HOW TO COMPLETE THIS TASK
Take every record and write it out again exactly, with no images included.

[Extracted records]
──────────────────────────────
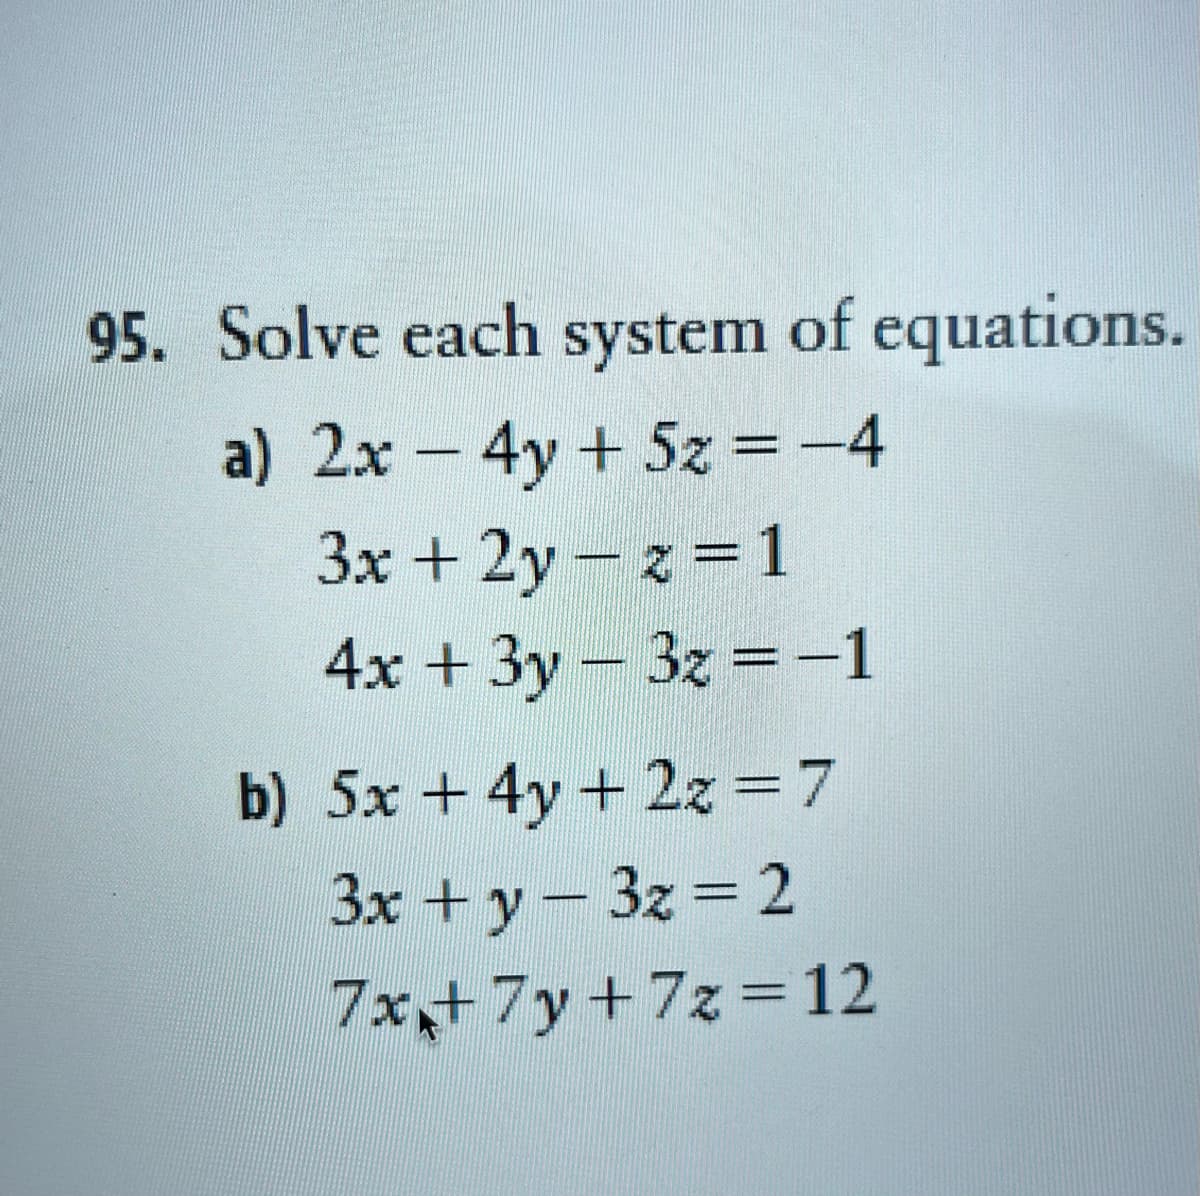 95. Solve each system of equations.
a) 2x - 4y + 5z = −4
3x +2y-z=1
4x + 3y - 3x = -1
b) 5x + 4y + 2z = 7
3x + y - 3x = 2
7x+ 7y+7z = 12
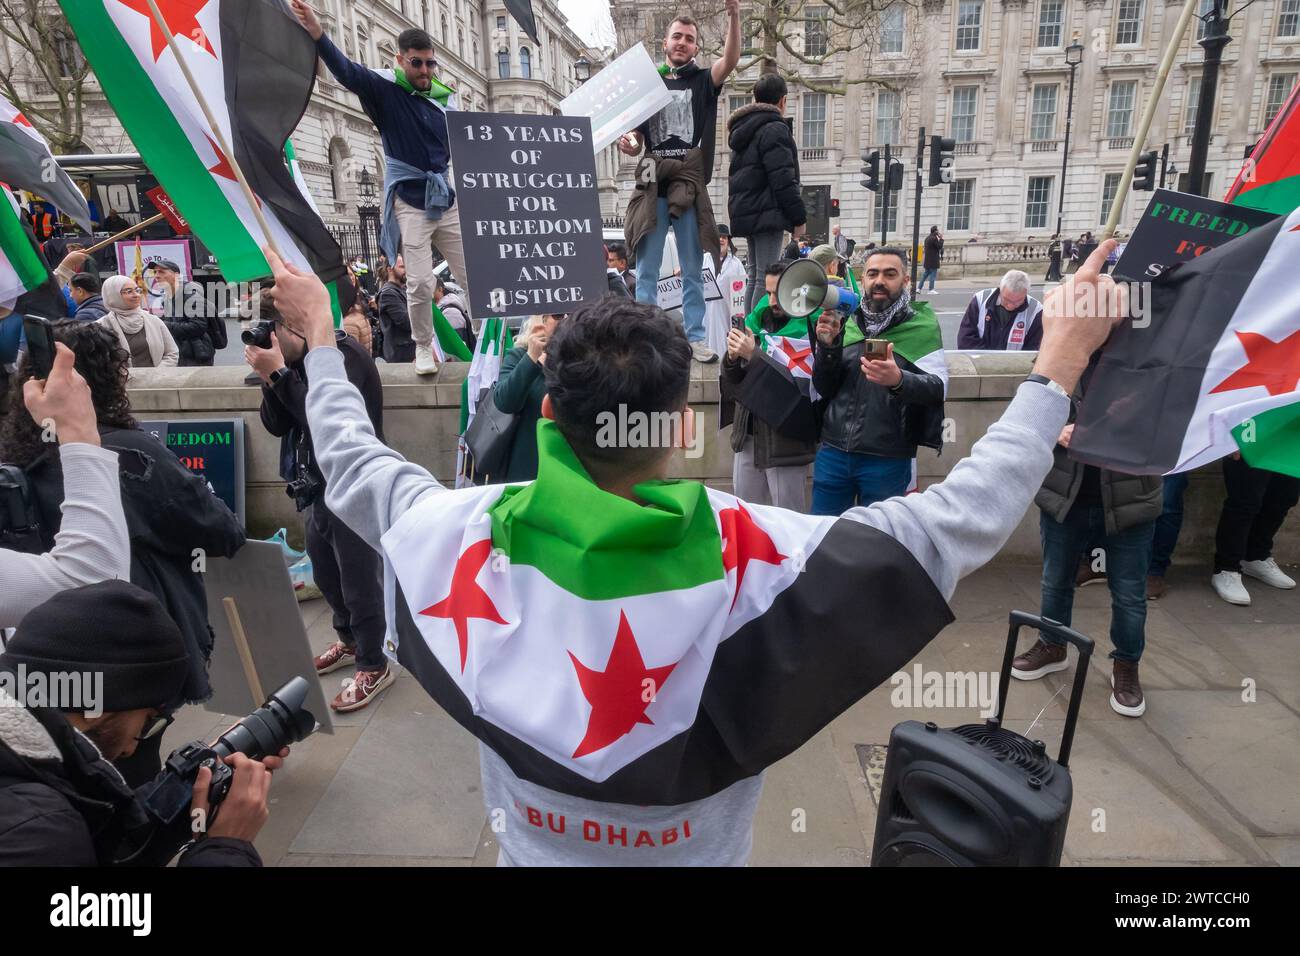 Londra, Regno Unito. 16 marzo 2024. Protesta siriana a Downing St nel tredicesimo anniversario della Rivoluzione siriana. Più della metà della popolazione siriana è stata sfollata con milioni di persone in fuga dal paese, mentre il regime di Asdsad ha commesso indescrivibili atrocità contro il popolo siriano, che si è alzato pacificamente per la democrazia, le riforme e la responsabilità. Hanno invitato tutti a ricordare quei tanti siriani che sono stati uccisi e a continuare a sostenere le richieste di democrazia, riforme e responsabilità. Peter Marshall/Alamy Live News Foto Stock
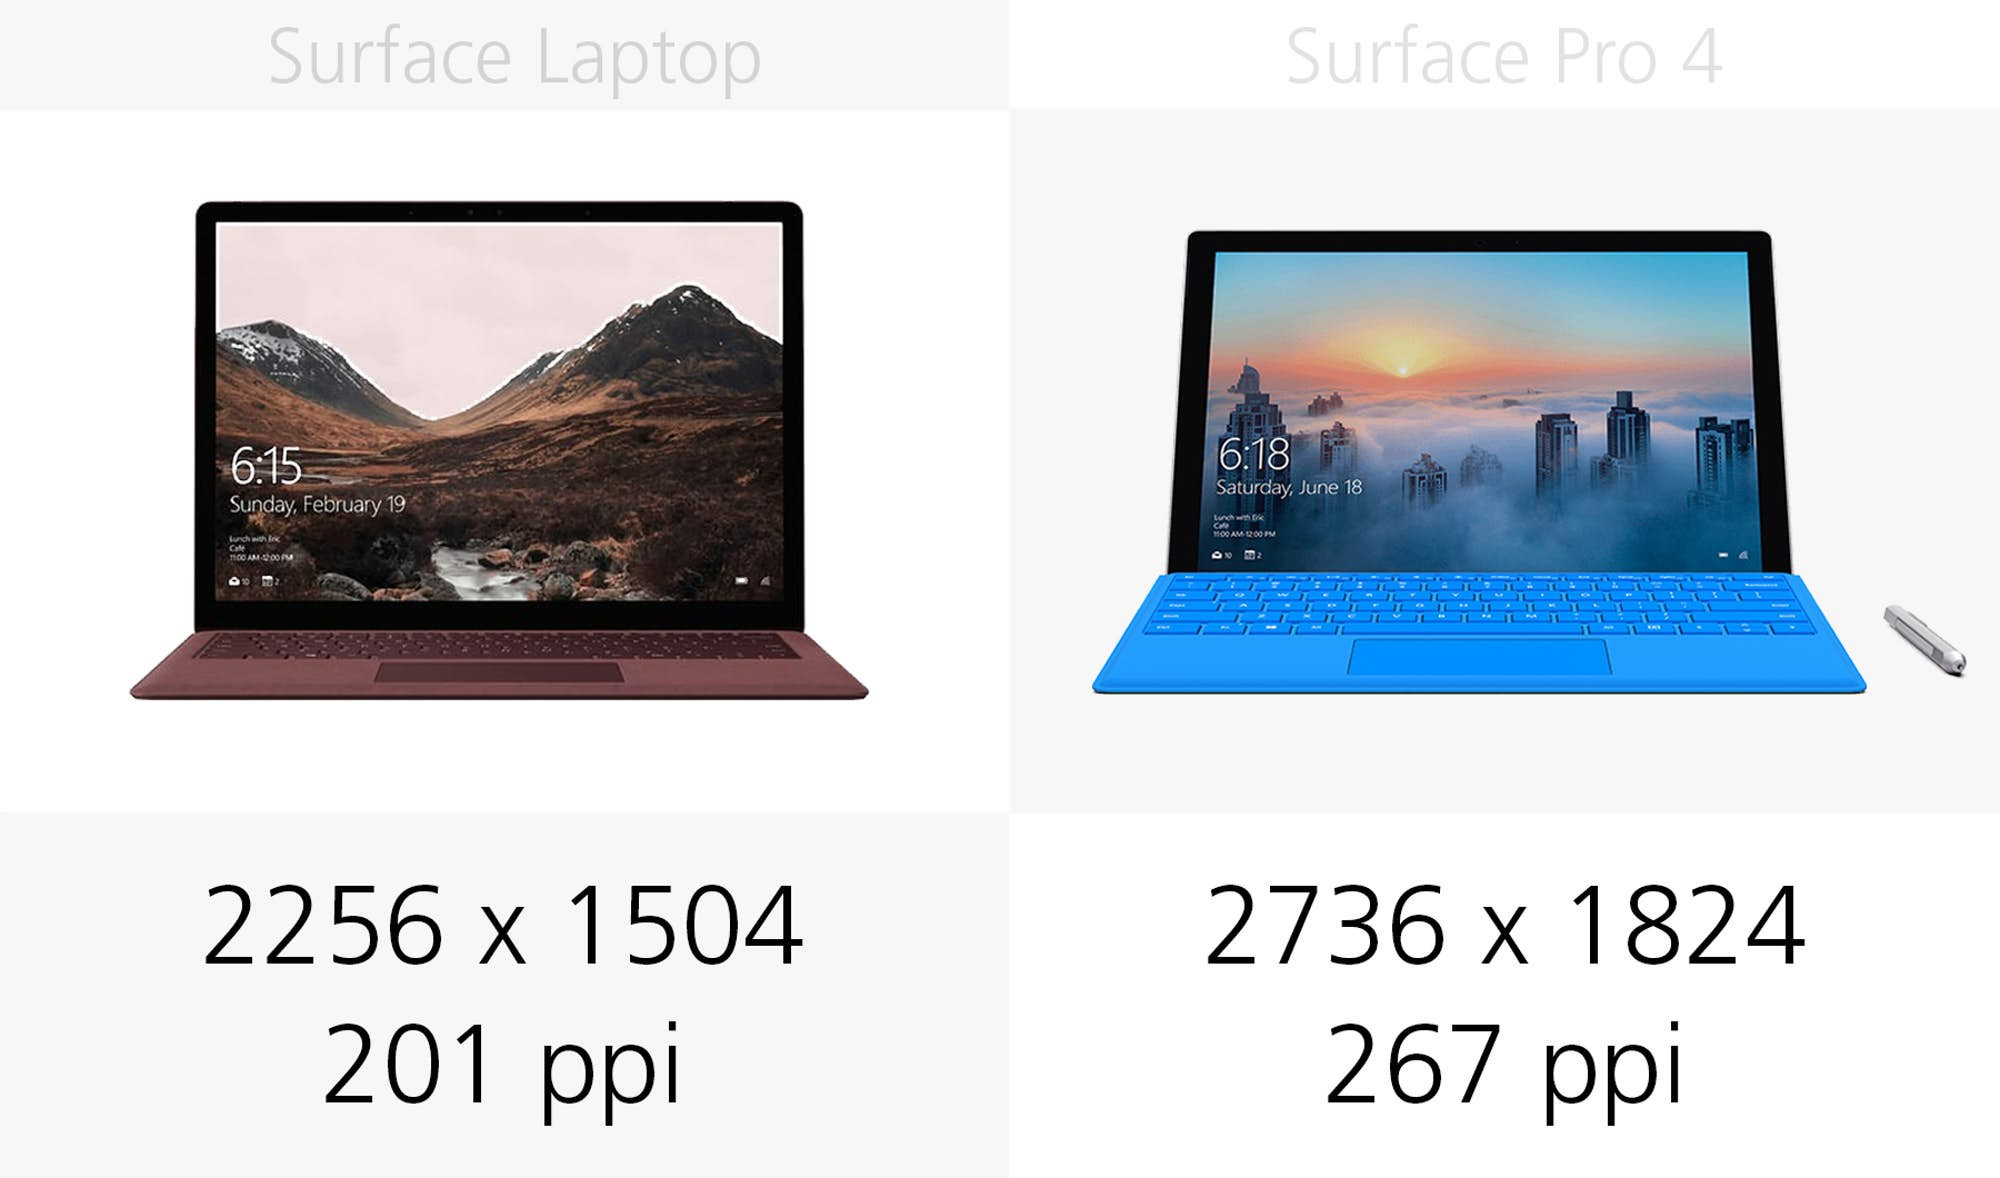 1493969739_microsoft-surface-laptop-vs-surface-pro-4-specs-comparison-18.jpg
──────────────────────────────
RESULT BELOW
 95. Solve each system of equations.
a) 2x - 4y + 5z = −4
3x +2y-z=1
4x + 3y - 3x = -1
b) 5x + 4y + 2z = 7
3x + y - 3x = 2
7x+ 7y+7z = 12
 Londra, Regno Unito. 16 marzo 2024. Protesta siriana a Downing St nel tredicesimo anniversario della Rivoluzione siriana. Più della metà della popolazione siriana è stata sfollata con milioni di persone in fuga dal paese, mentre il regime di Asdsad ha commesso indescrivibili atrocità contro il popolo siriano, che si è alzato pacificamente per la democrazia, le riforme e la responsabilità. Hanno invitato tutti a ricordare quei tanti siriani che sono stati uccisi e a continuare a sostenere le richieste di democrazia, riforme e responsabilità. Peter Marshall/Alamy Live News Foto Stock
 1493969739_microsoft-surface-laptop-vs-surface-pro-4-specs-comparison-18.jpg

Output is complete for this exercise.